Buying with cash and then refinancing it back: FNMA delayed financing
Q: How soon can you refinance a piece of real estate after you’ve bought it, if you acquired it with cash?
A: The very next day! (maybe)- thanks to a quirky provision in the Fannie mae guidelines called “delayed financing”.
Delayed financing is actually priced as “cash-out” money, and is restricted to the loan to value ratios of a “cash out” refinance. One can use delayed financing for a primary residence, a second home, or even an investment purchase (up to 4 units).
Because of this cash-out pricing aspect, this type of loan is more expensive than a straight purchase money mortgage. (maybe up to .25% in rate higher). But there may be serious advantages to being that cash buyer that allows you to get a significant edge on the purchase.
There are some documentation quirks that must be planned for if you want to embark on this type of mortgage financing. We must prove that the subject property has no liens attached, and we must also document how the property was acquired. Ideally, you’ve purchased the property with a check from your checking account (and have no large deposits in the month that you bought). But its also acceptable to have bought the property with credit secured to another property. The trick here is that if you get the delayed financing, that money you access MUST get completely re-applied to that original debt source.

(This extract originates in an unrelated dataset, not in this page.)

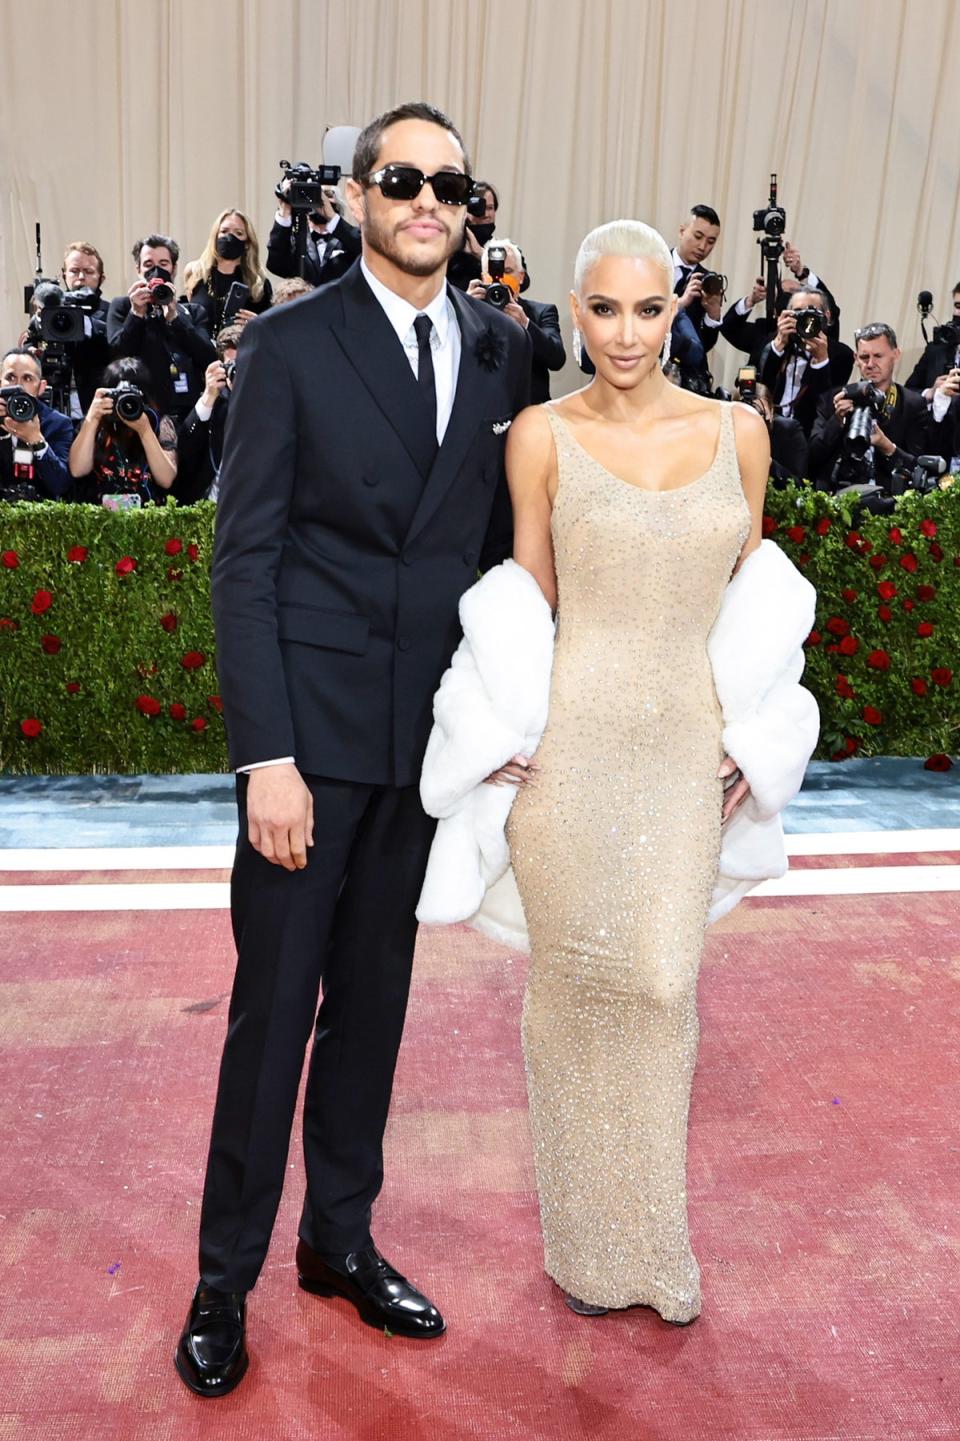 Kim Kardashian attended the Met Gala with her boyfriend, Pete Davidson (Getty Images)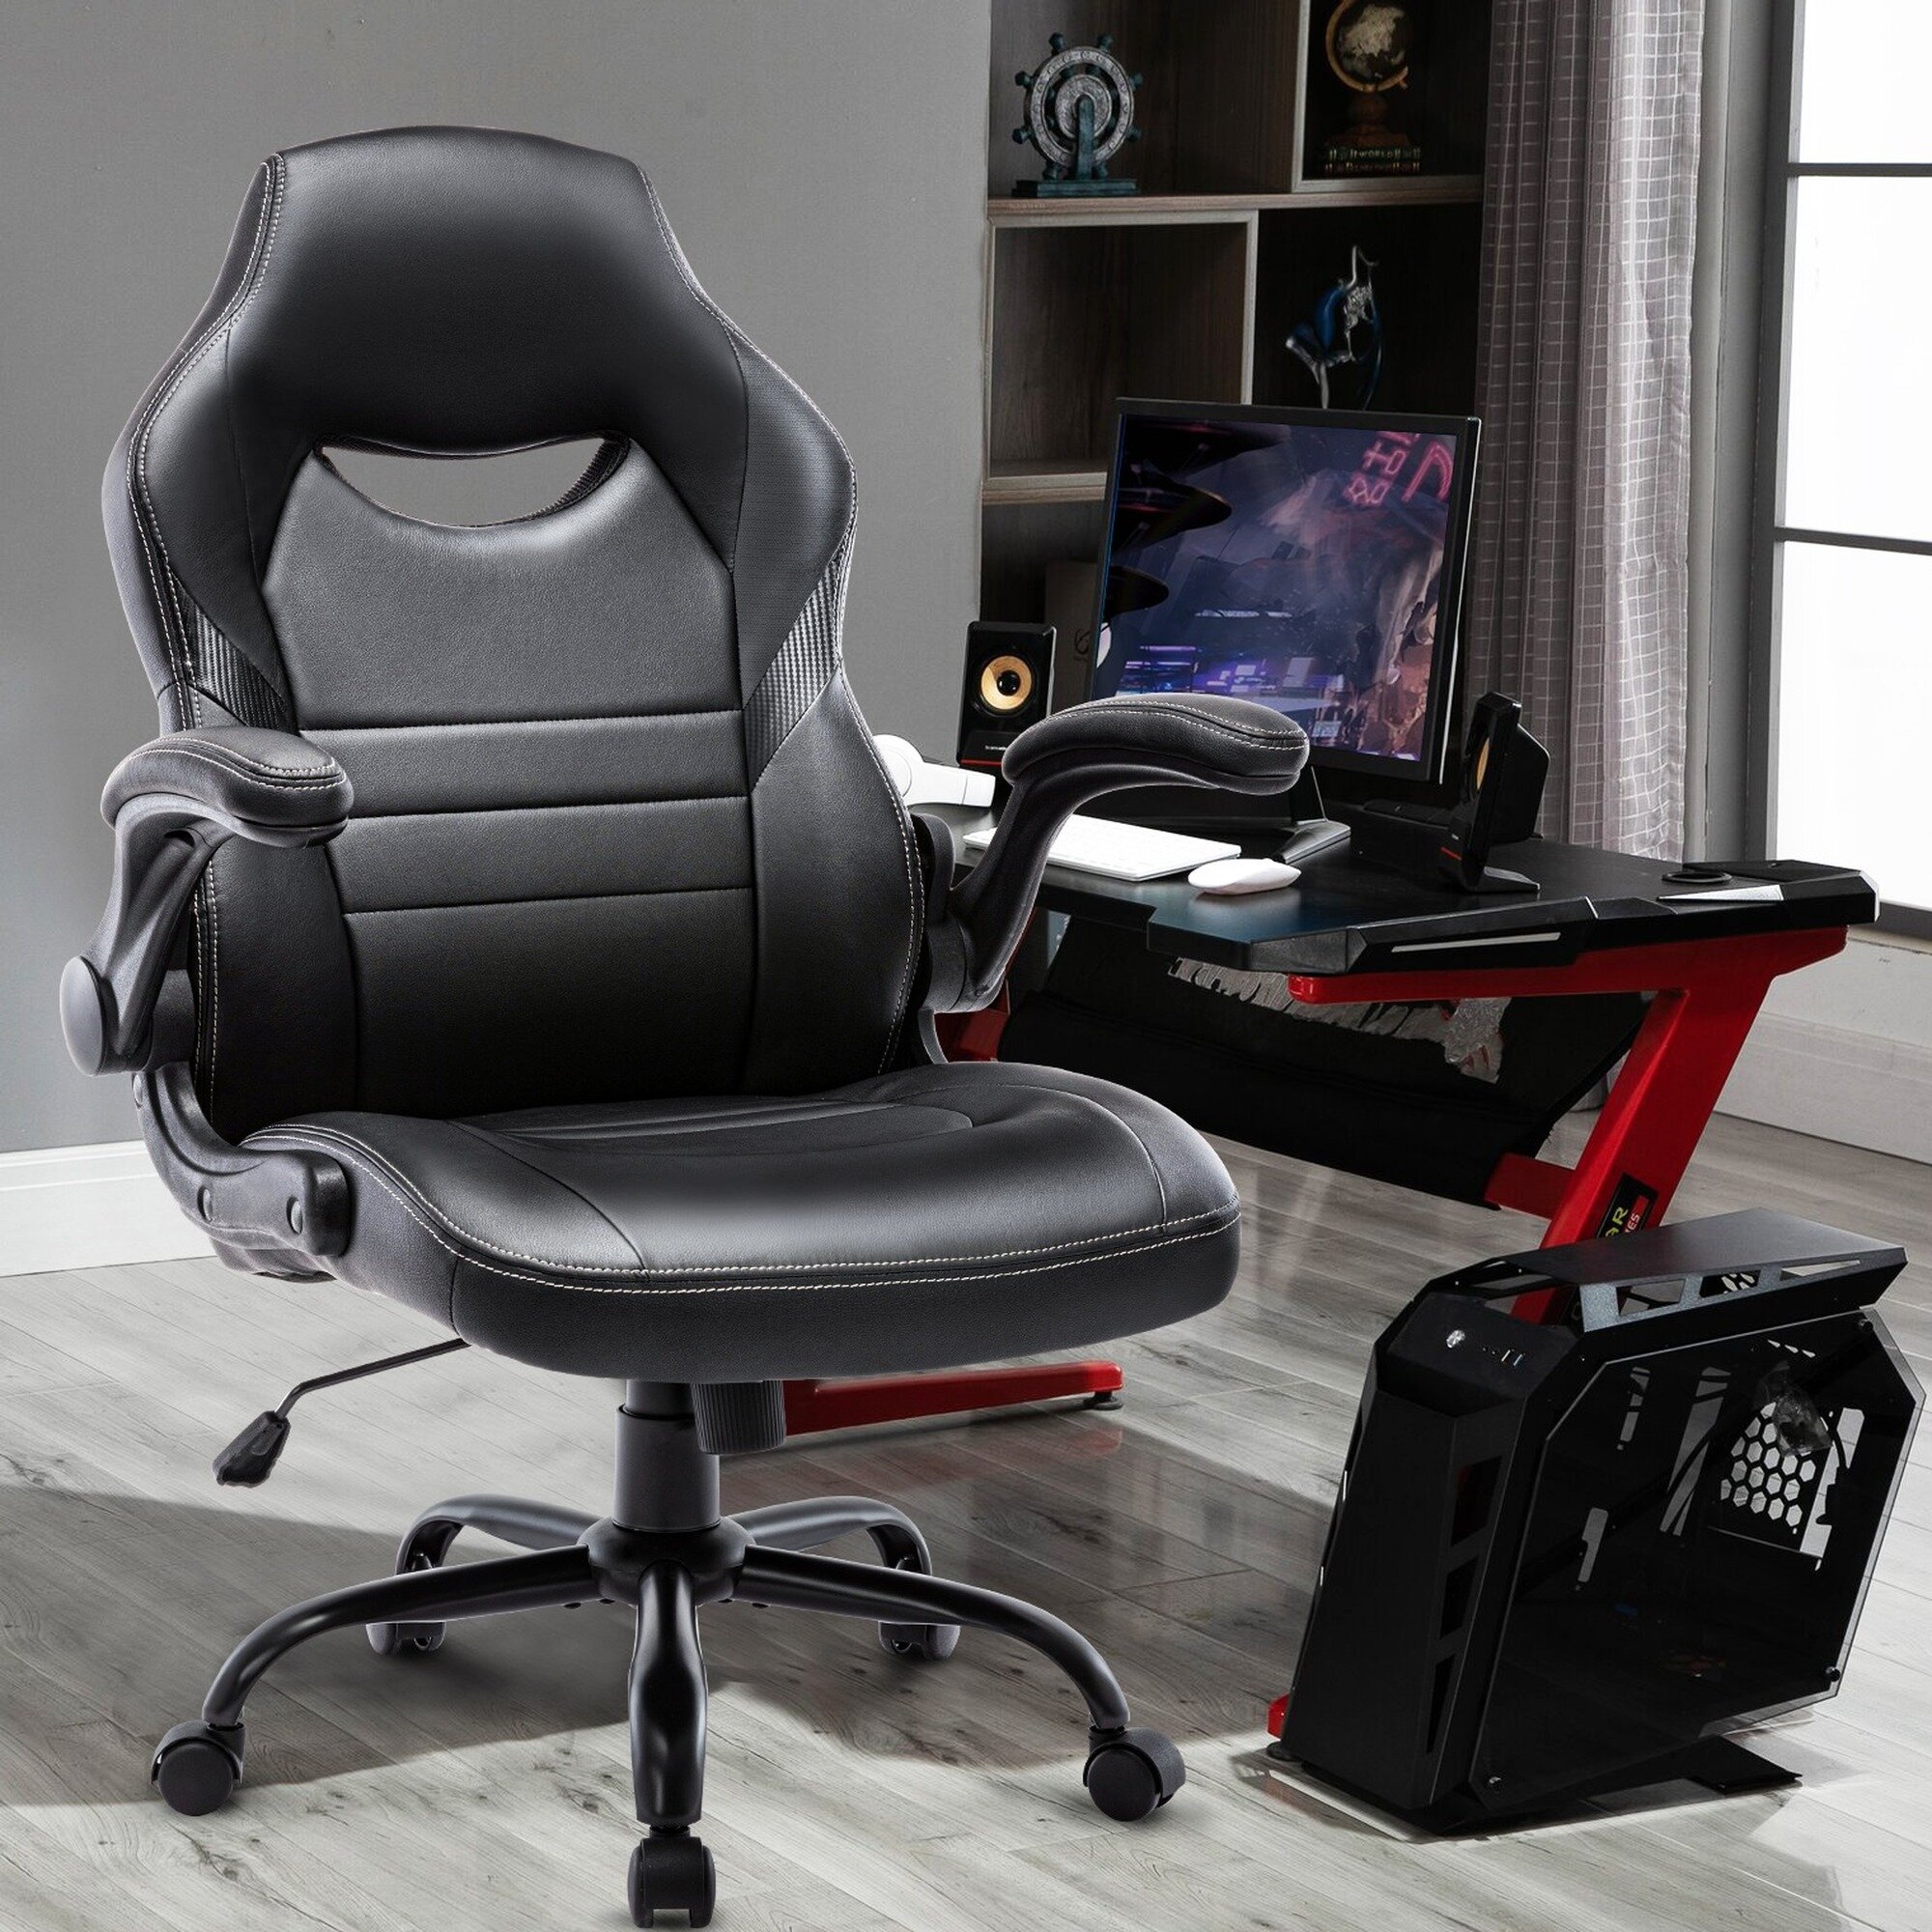 Details about   Executive Gaming Chair High-back Swivel Office Recliner Computer Desk Footrest

You also must close this loan in the first 6 months of ownership. Once that window has closed, you are likely restricted to waiting 12 months before being able to get mortgage financing. Once that 12 months has elapsed however, you will be able to use the appraised/market value as the basis upon which that loan is extended. Before that one year anniversary, you’ve got delayed financing or no financing!
There may be some “portfolio” type programs that you could get during this 6 month “dead zone”, but unless you’re totally strapped, I would bet the FNMA/conforming loans will almost always be your least expensive money.